Ещё по пути домой я заподозрил неладное. На душе было неспокойно, как-то тревожно.

В квартире я почувствовал странный запах — словно что-то горело. Бегом на кухню — там включён газ, зажжена камфора, а в раковине гора немытой посуды — и вода потоком на пол льется. Странно, думаю я, посуду мы мыли ещё с вечера. Газ тоже, вроде бы, выключали... Холодильник — тоже пуст. Беспокойство меня одолевало всё больше и больше. Выключив газ и закрутив кран я направился осматривать квартиру. В гостиной всё на местах, так что вторжение и кража отпадает. Просто кому-то очень хотелось есть, и кто-то очень спешил.

Проверил спальню — и с улыбкой покачал головой — Полина лежала в постели, свернувшись калачиком. Готовила обед, видимо, прилегла поспать — и уснула.

Роза стояла на полочке у зеркала — там, где мы её и оставили. Она «смотрела» на Полину. В какой-то момент мне показалось, будто игрушка качнула головой. Померещилось, подумал я.

Я убрался на кухне, поискал приготовленный обед, так ничего и не нашел. Сходил за продуктами, сам приготовил поесть.

Вечер мы провели как обычно: за ужином и настольными играми. Про дневное происшествие я не упоминал.

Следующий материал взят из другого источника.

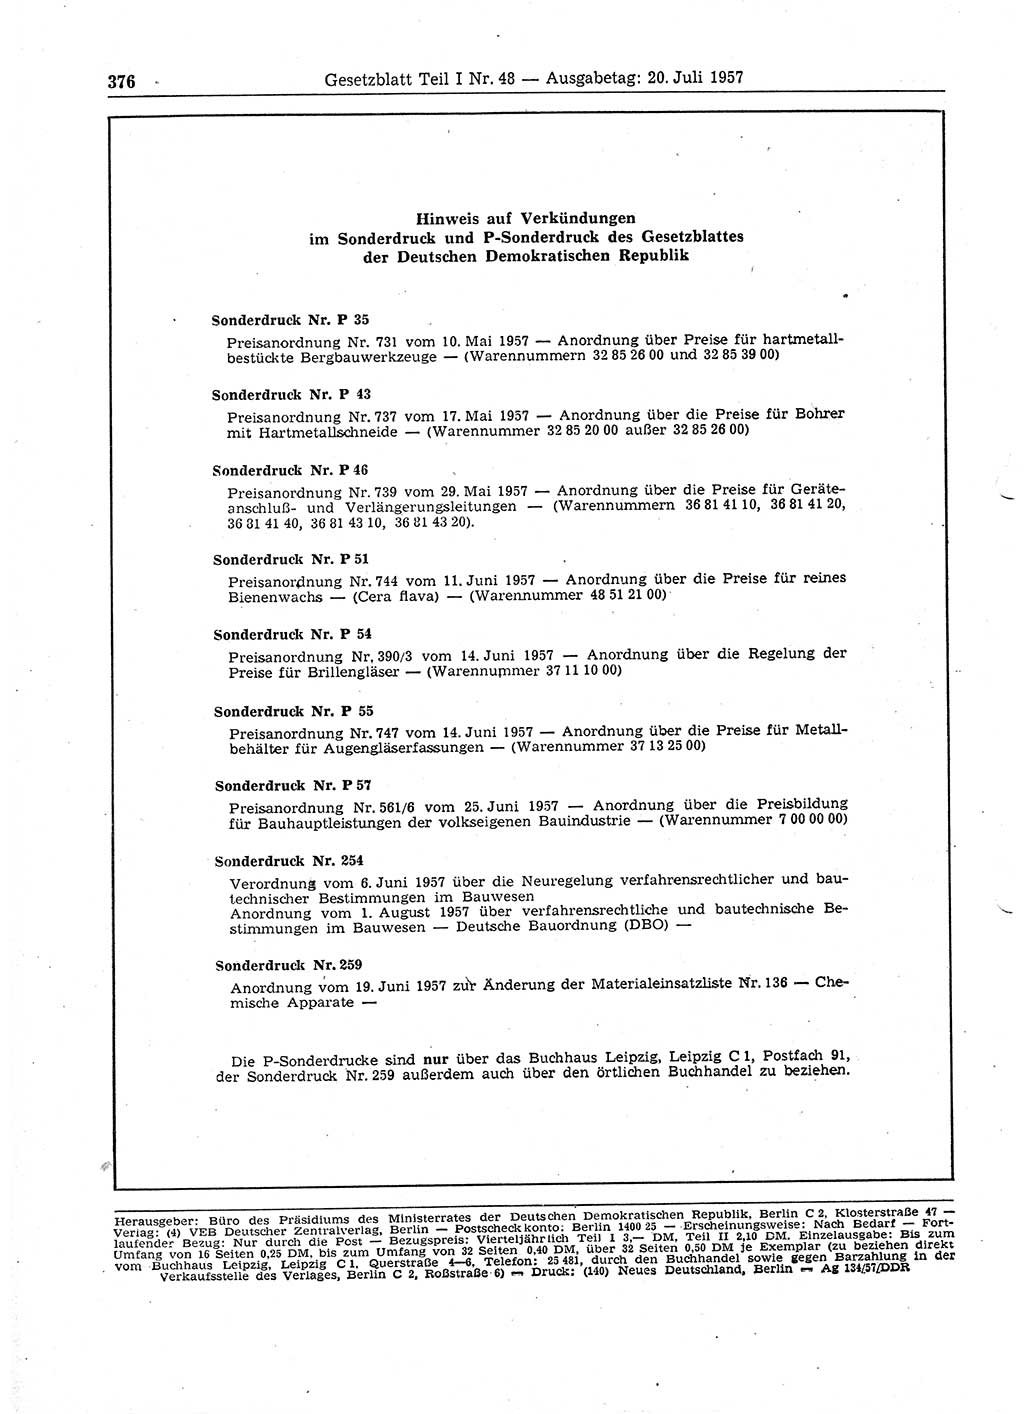 Gesetzblatt (GBl.) der Deutschen Demokratischen Republik (DDR) Teil Ⅰ 1957, Seite 376 (GBl. DDR Ⅰ 1957, S. 376)

На следующий день Полина сказала, что ей нужно домой. Из вещей забрала только Розу. В понедельник, два дня спустя, она вернулась. Её было не узнать. Я не знаю, что с ней произошло за такой короткий срок — и сама она ничего не рассказывала. Как ни пытался, ни слова не выжал из неё. Напоследок она оставила мне свою игрушку и сказала, что должна уйти от меня. Ни причины своего решения, ни объяснений — ничего подобного она не добавила. Любые попытки что-либо узнать пресекала, с силой вырвалась из моих объятий и убежала в ночь. Я хотел догнать её, но что-то меня остановило. Уже набросив куртку и обувшись, я остановился на пороге и задумался. Потом снял верхнюю одежду и вернулся в квартиру. На столе стояла Роза. Я сел в кресло, взял слона в руки, начал рассматривать. Серьёзный взгляд наклеенных глаз и печальная улыбка, вырезанная чуть ниже хобота — то ещё лицо для детской игрушки. Я несколько раз прокрутил механизм и поставил её на стол. В ту же секунду из пасти слона зазвучали первые ноты мелодии. Медленно ковыляя по столу Роза пела о печальной судьбе своей хозяйки, и о том, как покинула её. Она пела, ходя кругами по столу, слегка пошатываясь из стороны в сторону, обречённо брела круг за кругом, так, будто ей не терпелось уже допеть и остановиться. А я смотрел на неё, как завороженный. И как раньше я не замечал: она же прекрасна! Роза лучше любой девушки: всегда рядом, всегда с тобой, всегда готова играть и петь, возможно даже — любить. А Роза всё ходила и пела. А я смотрел на неё, на этого милого, маленького розового слона.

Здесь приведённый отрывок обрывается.